WHAT IS REQUIRED:
Where the data below begins, start duplicating lines exactly, and finish with the line containing "Na tym obrazku"; add nothing else. Leave the pictures out.

Saved entries:
--------------------------------------------------
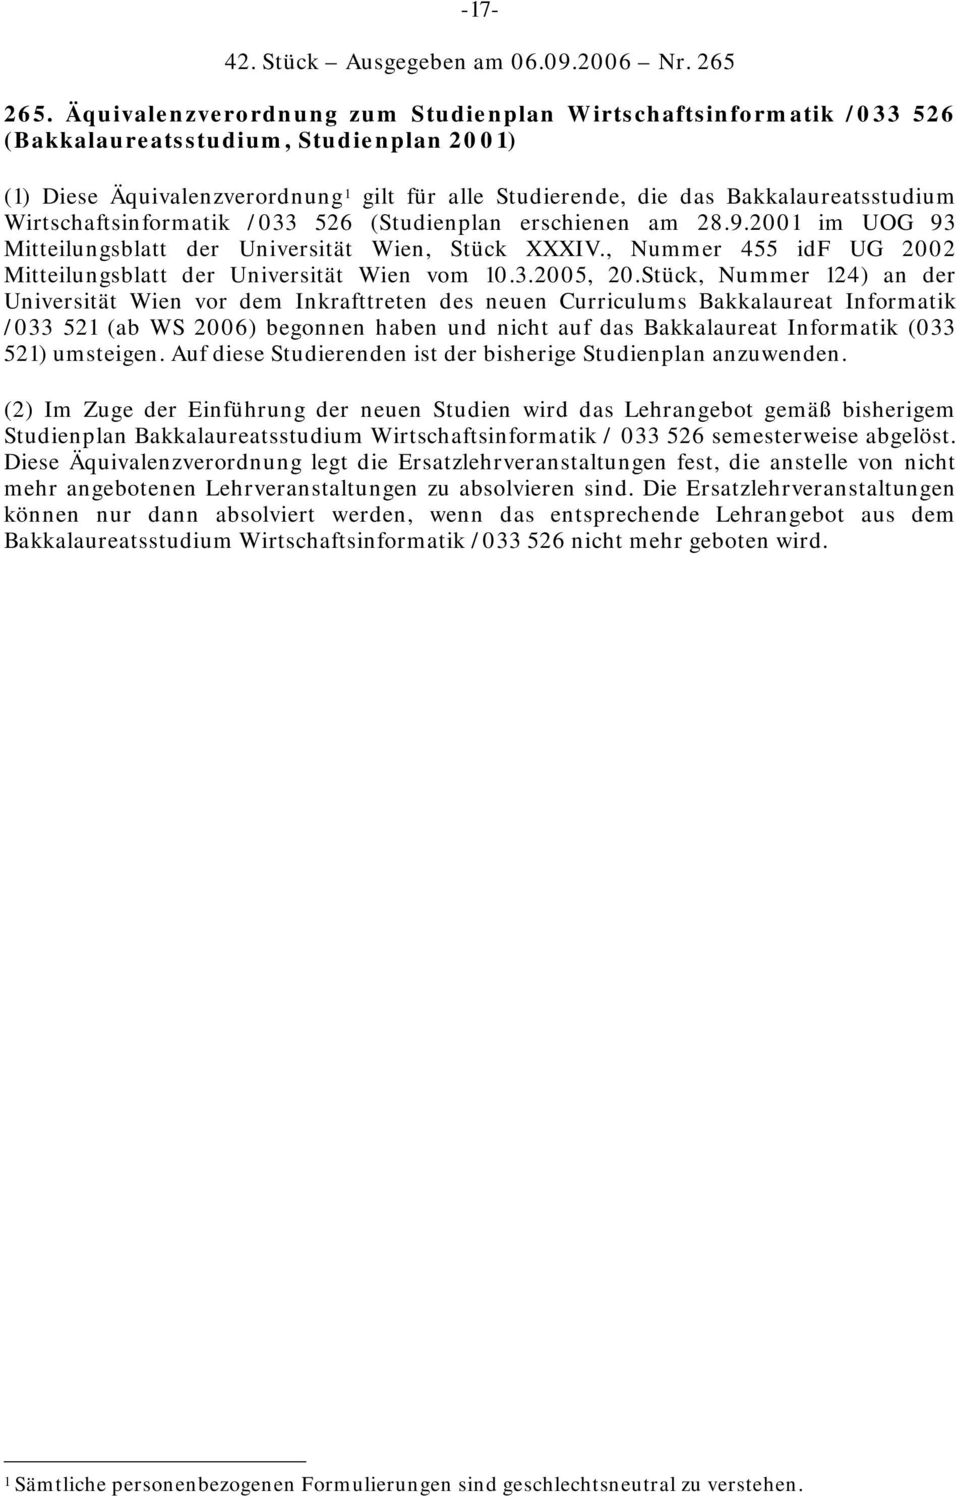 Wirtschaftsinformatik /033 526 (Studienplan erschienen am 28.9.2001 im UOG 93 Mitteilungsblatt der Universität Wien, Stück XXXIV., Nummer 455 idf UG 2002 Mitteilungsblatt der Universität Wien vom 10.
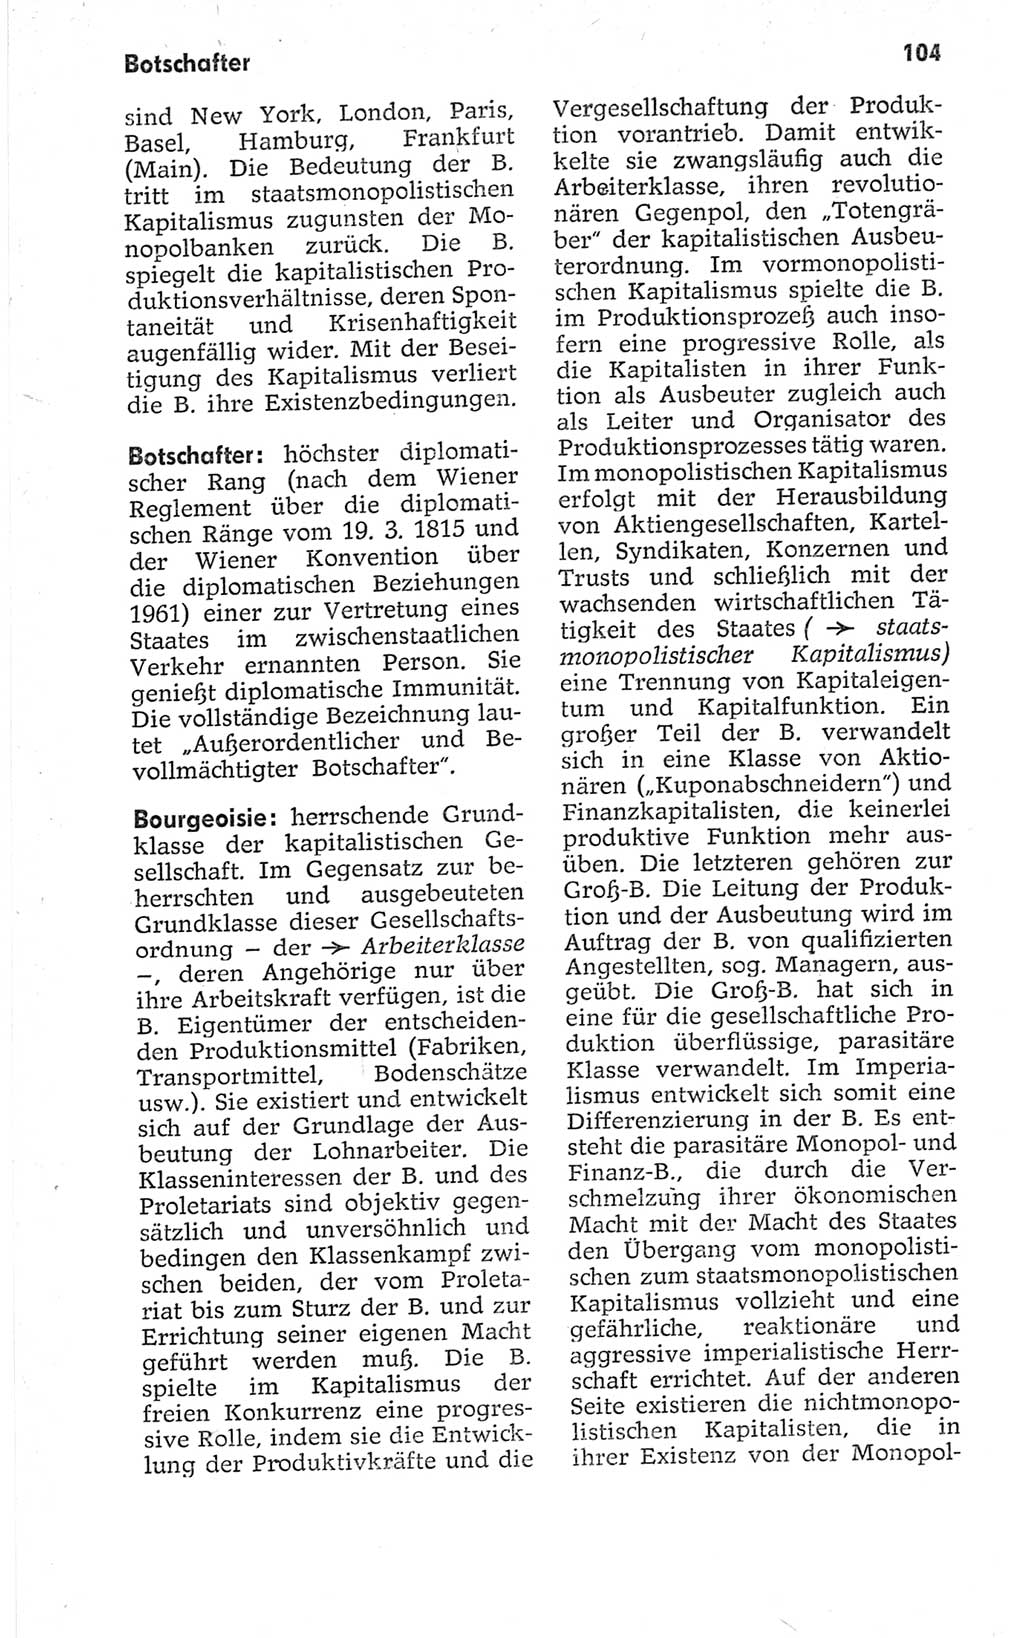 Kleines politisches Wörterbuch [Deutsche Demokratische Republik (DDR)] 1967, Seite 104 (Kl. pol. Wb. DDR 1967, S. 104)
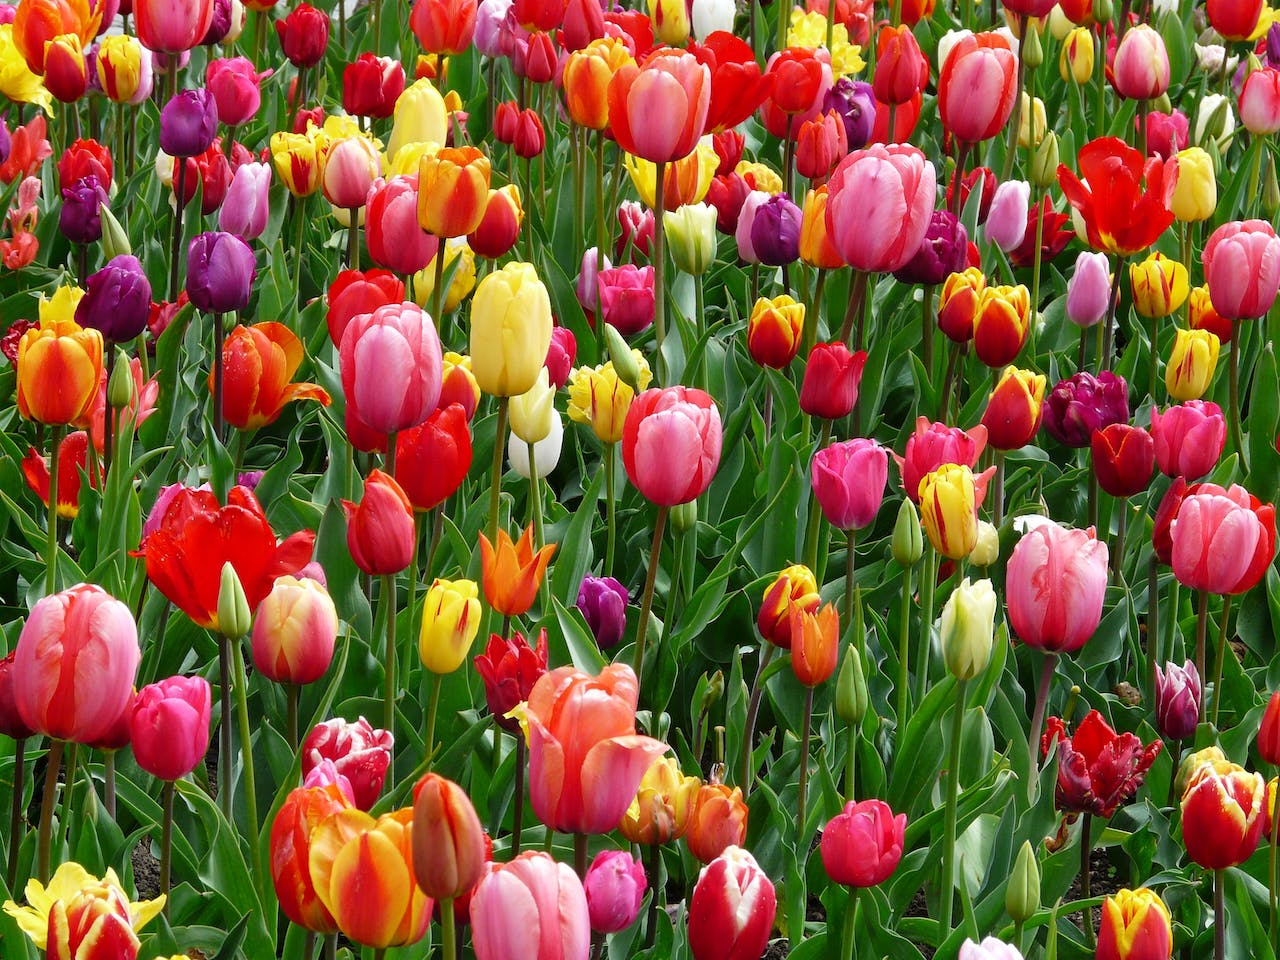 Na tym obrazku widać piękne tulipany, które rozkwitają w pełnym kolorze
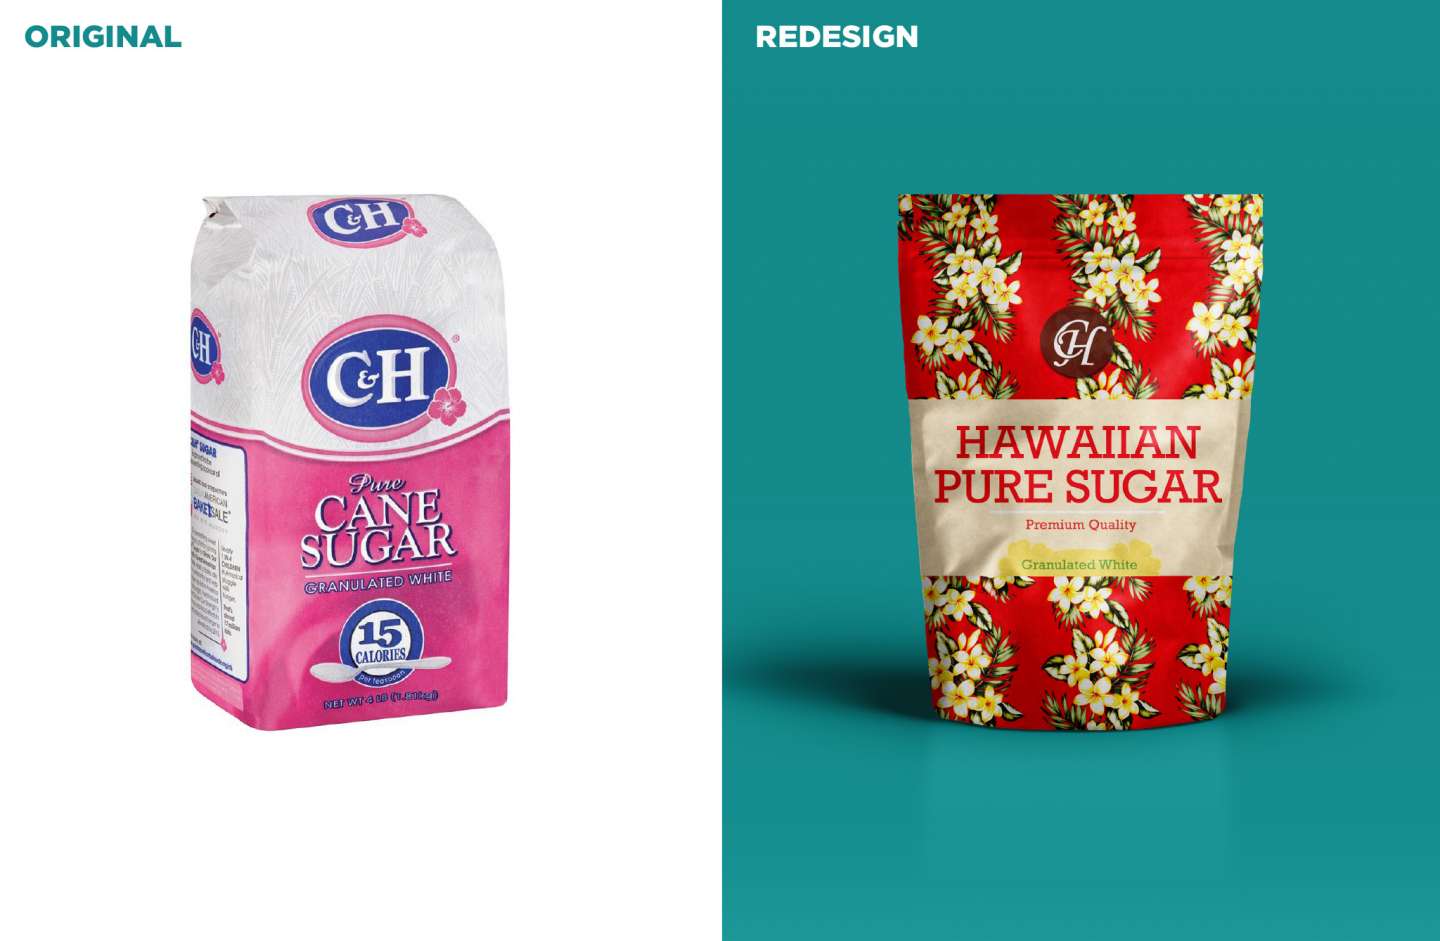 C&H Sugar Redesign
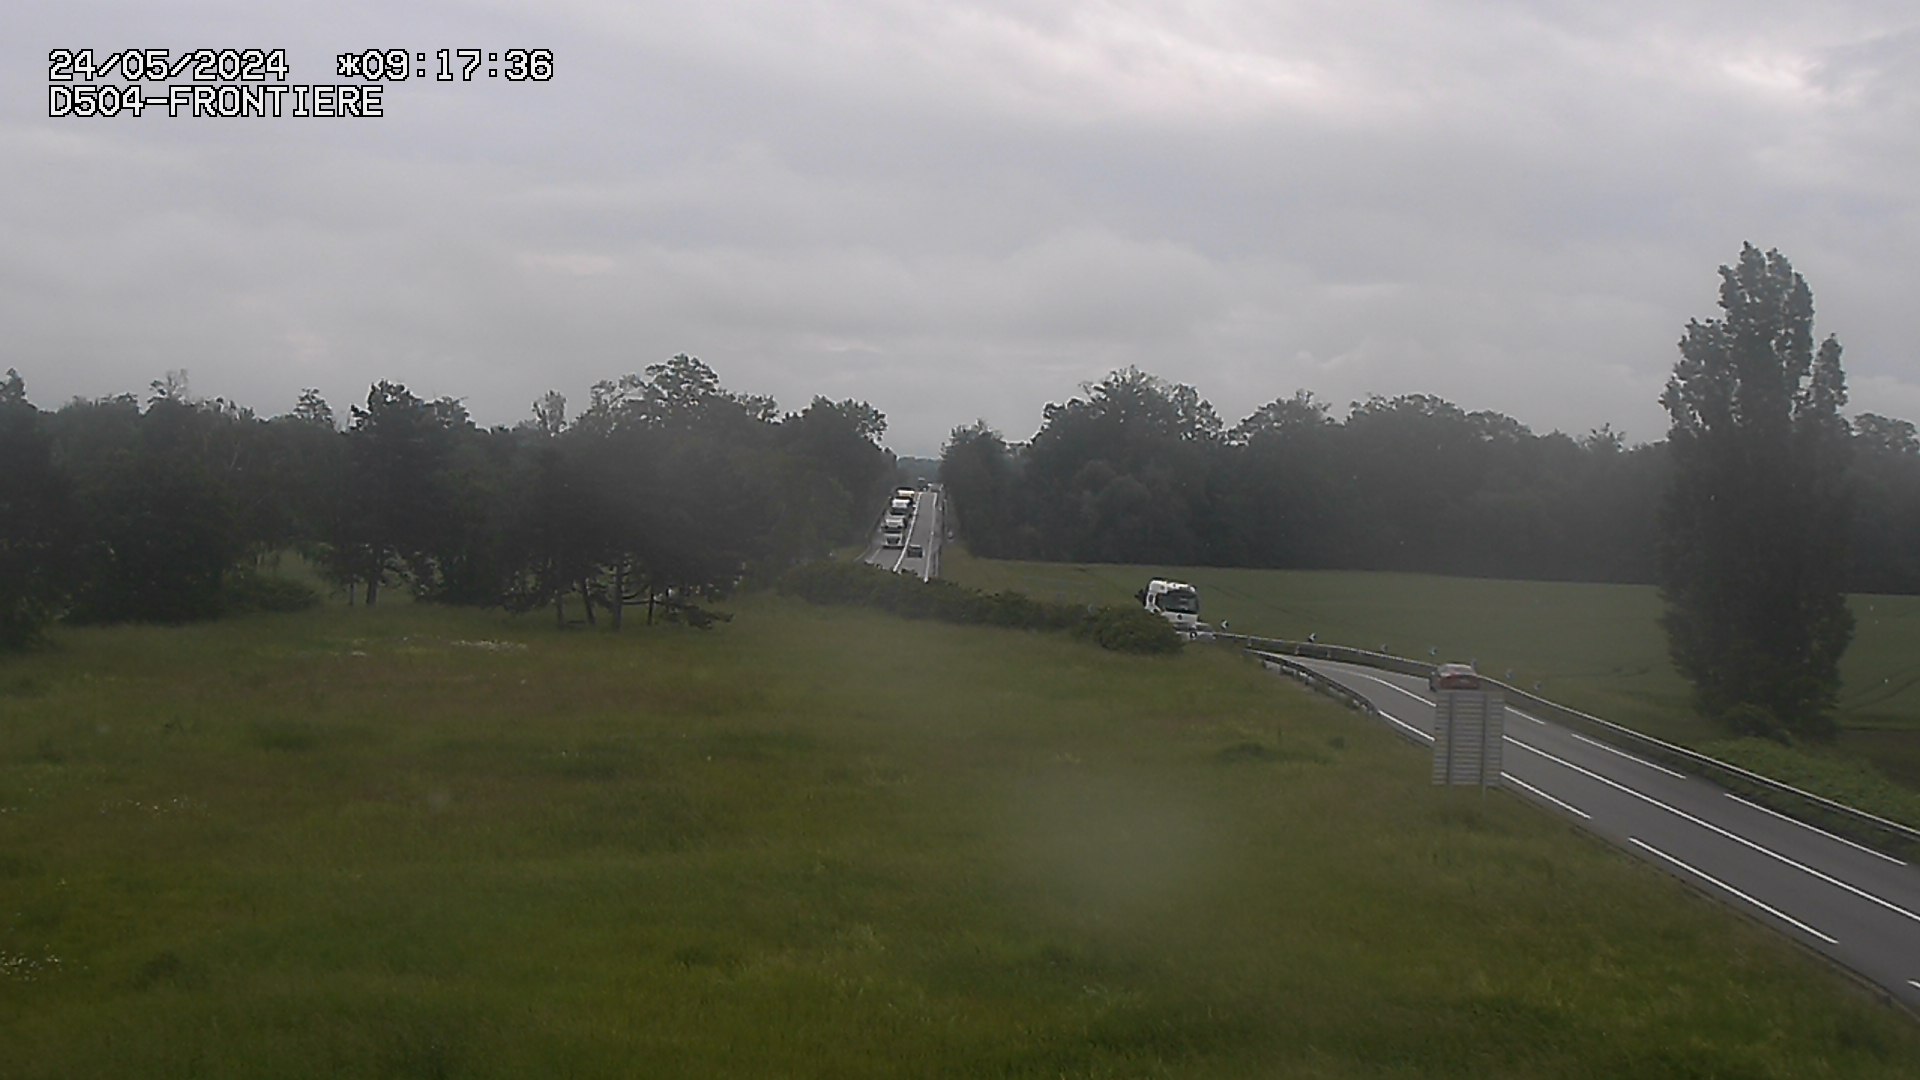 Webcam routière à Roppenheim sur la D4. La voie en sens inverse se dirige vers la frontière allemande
--------------------------------------------------
WRITTEN SOLUTION:
 Wirtschaftsinformatik /033 526 (Studienplan erschienen am 28.9.2001 im UOG 93 Mitteilungsblatt der Universität Wien, Stück XXXIV., Nummer 455 idf UG 2002 Mitteilungsblatt der Universität Wien vom 10.
 Kleines politisches Wörterbuch [Deutsche Demokratische Republik (DDR)] 1967, Seite 104 (Kl. pol. Wb. DDR 1967, S. 104)
 Na tym obrazku widać piękne tulipany, które rozkwitają w pełnym kolorze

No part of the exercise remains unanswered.